» Exercise aim: Pictures are to be left out, and only the lines from the one with "Géographie / voyage, Allemagne, Brême, place" through the last line of the listing below are to be repeated exactly.

» Data below:
====

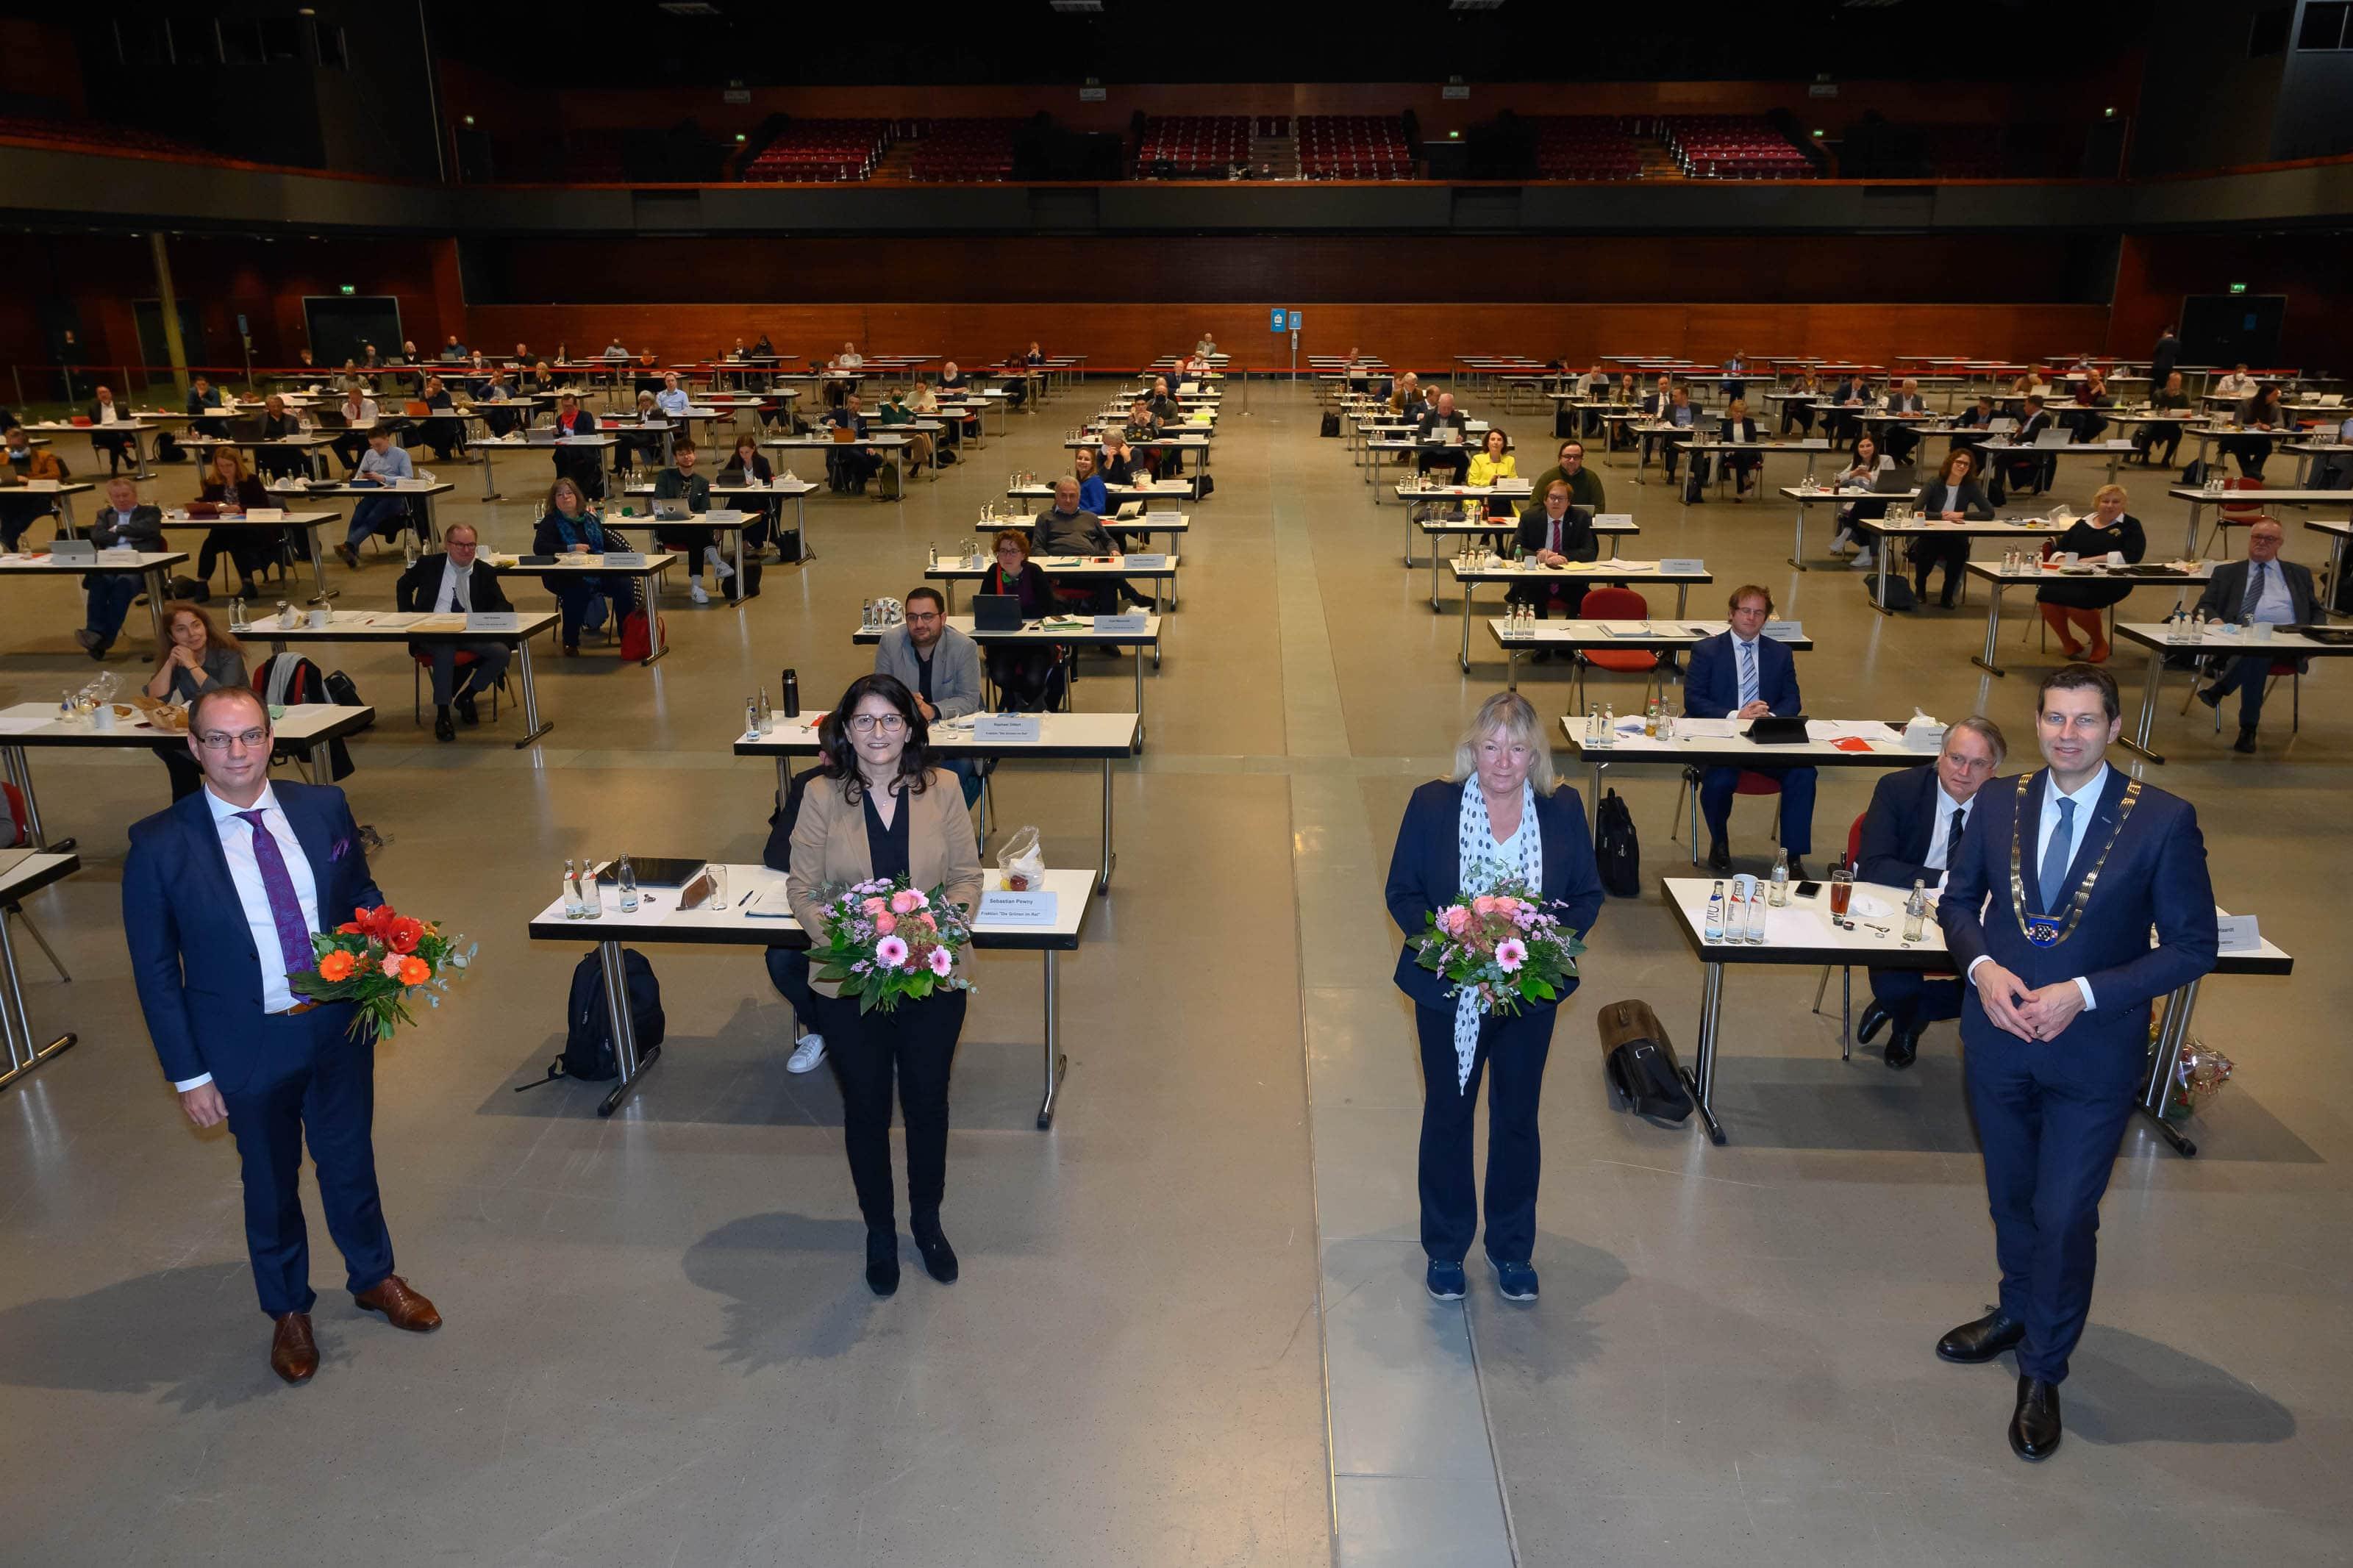 Konstituierende Ratssitzung mit Amtseinführung des wiedergewählten Oberbürgermeisters Thomas Eiskirch und Wahl sowie Amtseinführung seiner Stellvertreter, den Bürgermeisterinnen und des Bürgermeisters in Bochum am 19.11.2020
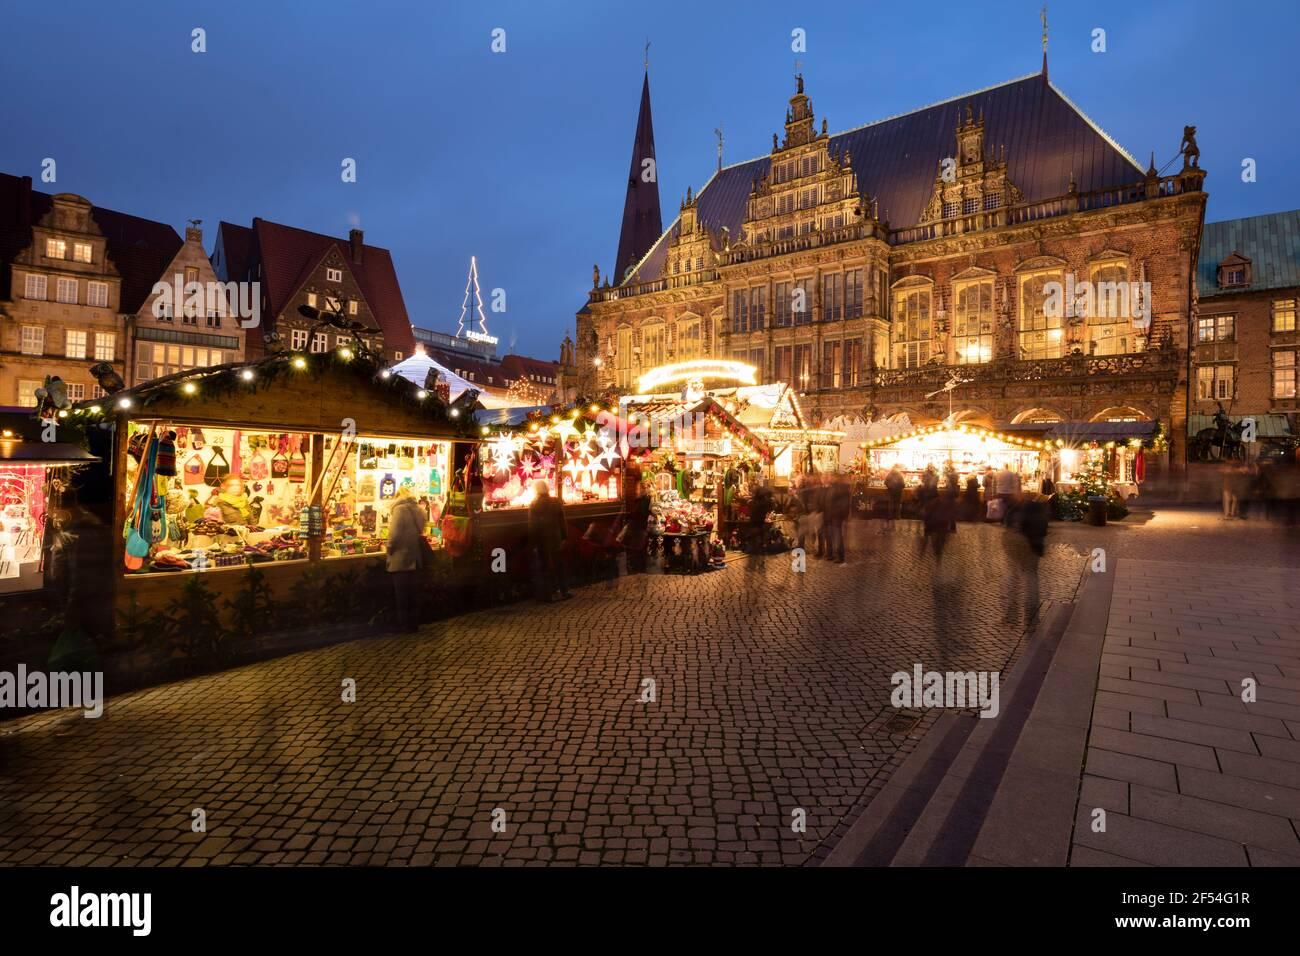 Géographie / voyage, Allemagne, Brême, place du marché, hôtel de ville, Marché de Noël, droits supplémentaires-autorisations-Info-non-disponible Banque D'Images
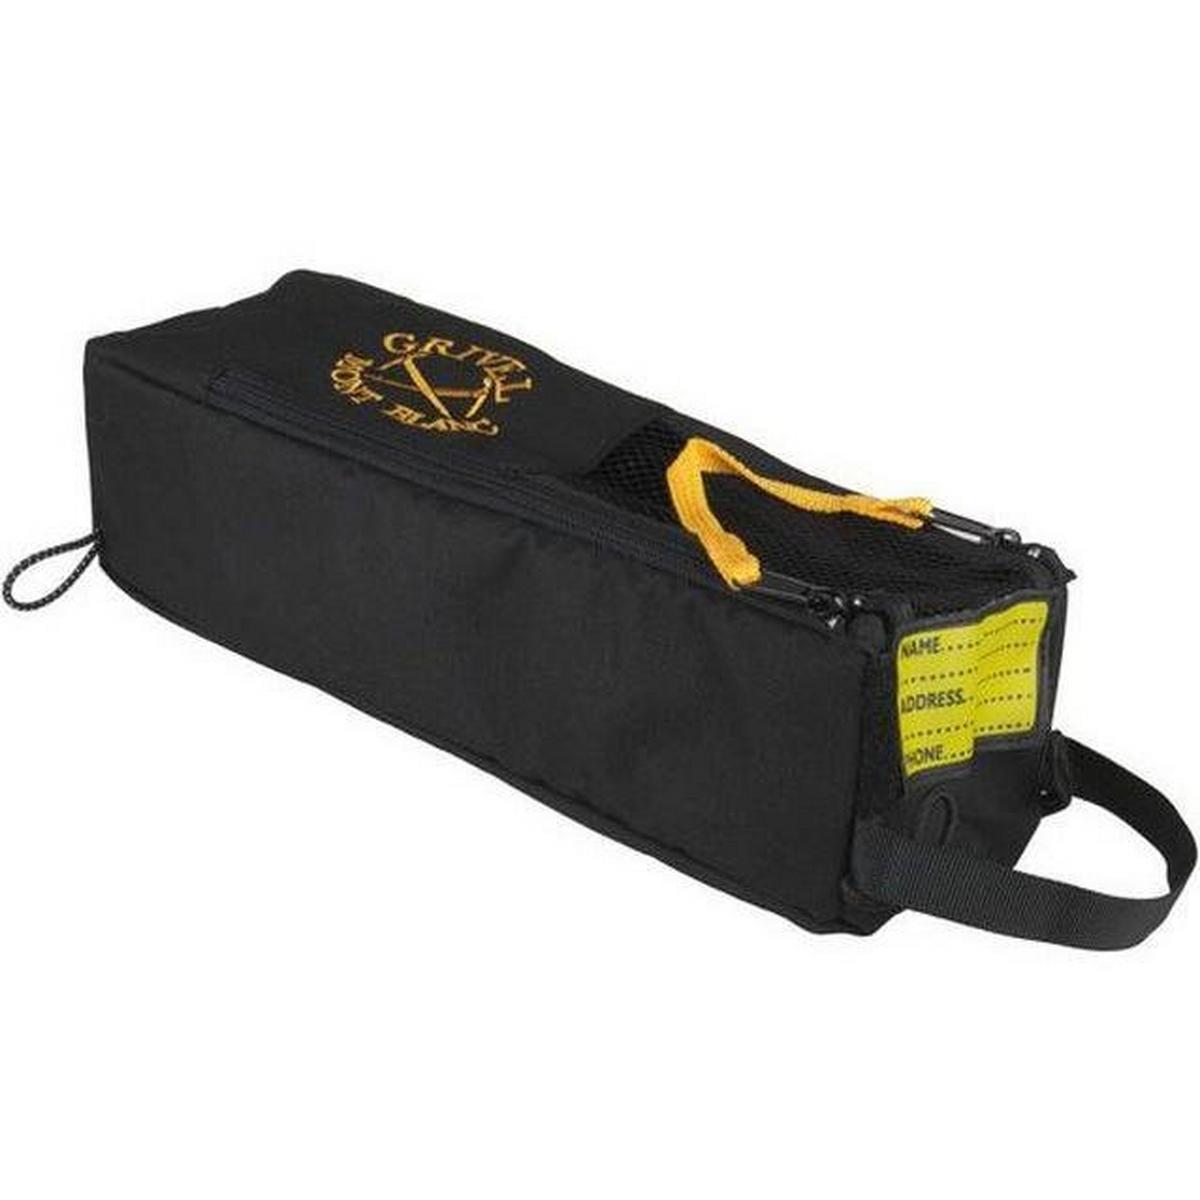 Grivel Crampon Bag Safe - Black
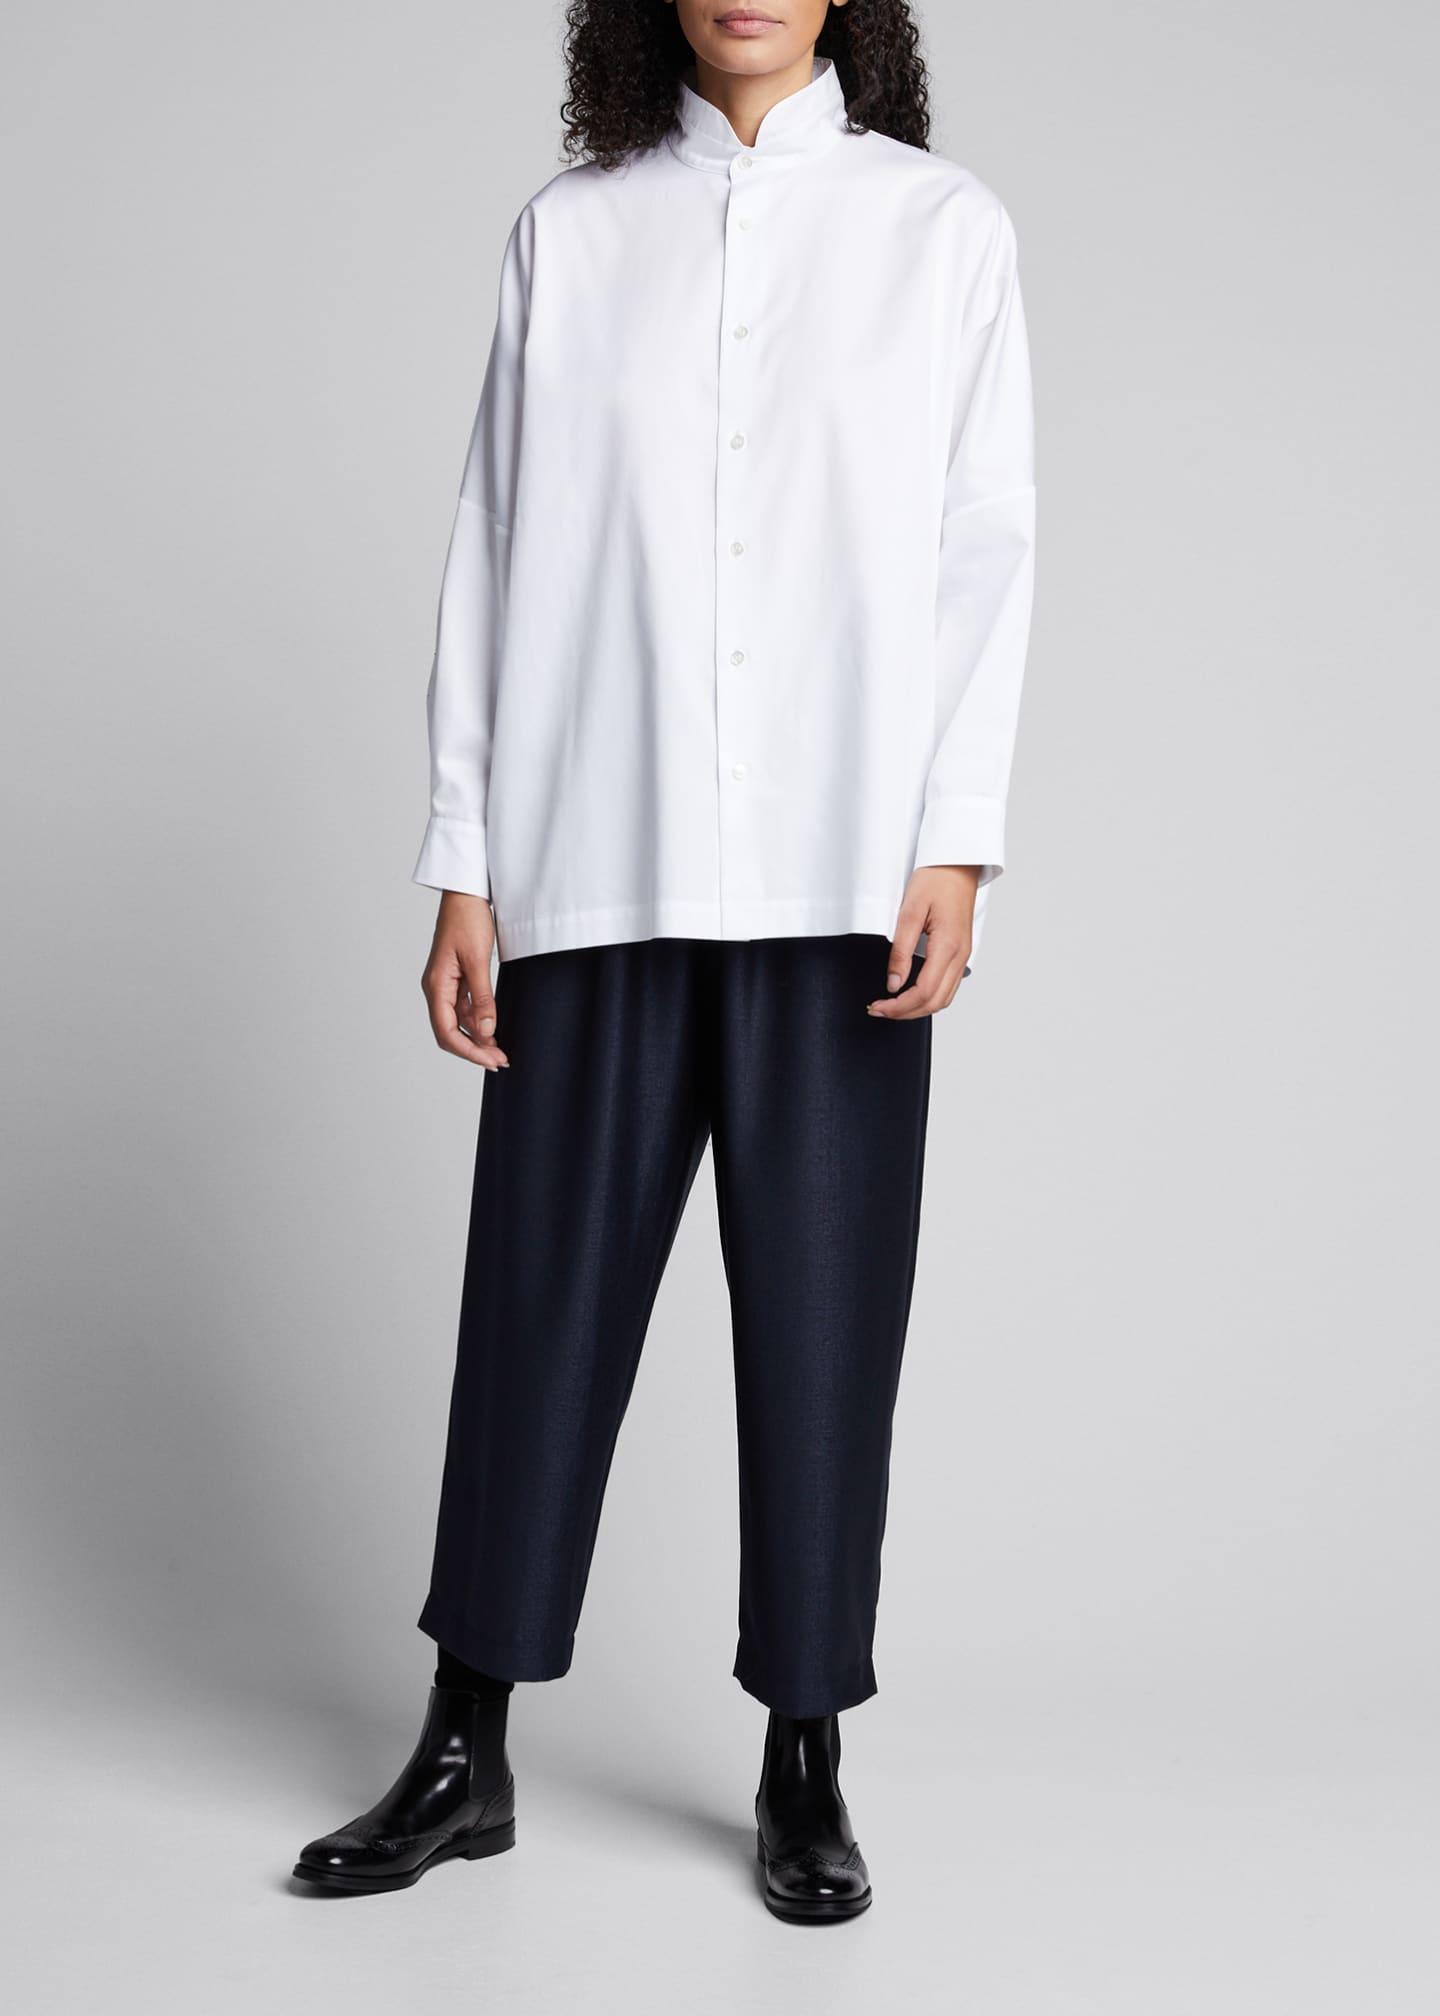 Eskandar Sloped-Shoulder Stand-Collar Shirt

====

» Result for this task:
 Géographie / voyage, Allemagne, Brême, place du marché, hôtel de ville, Marché de Noël, droits supplémentaires-autorisations-Info-non-disponible Banque D'Images
 Grivel Crampon Bag Safe - Black
 Eskandar Sloped-Shoulder Stand-Collar Shirt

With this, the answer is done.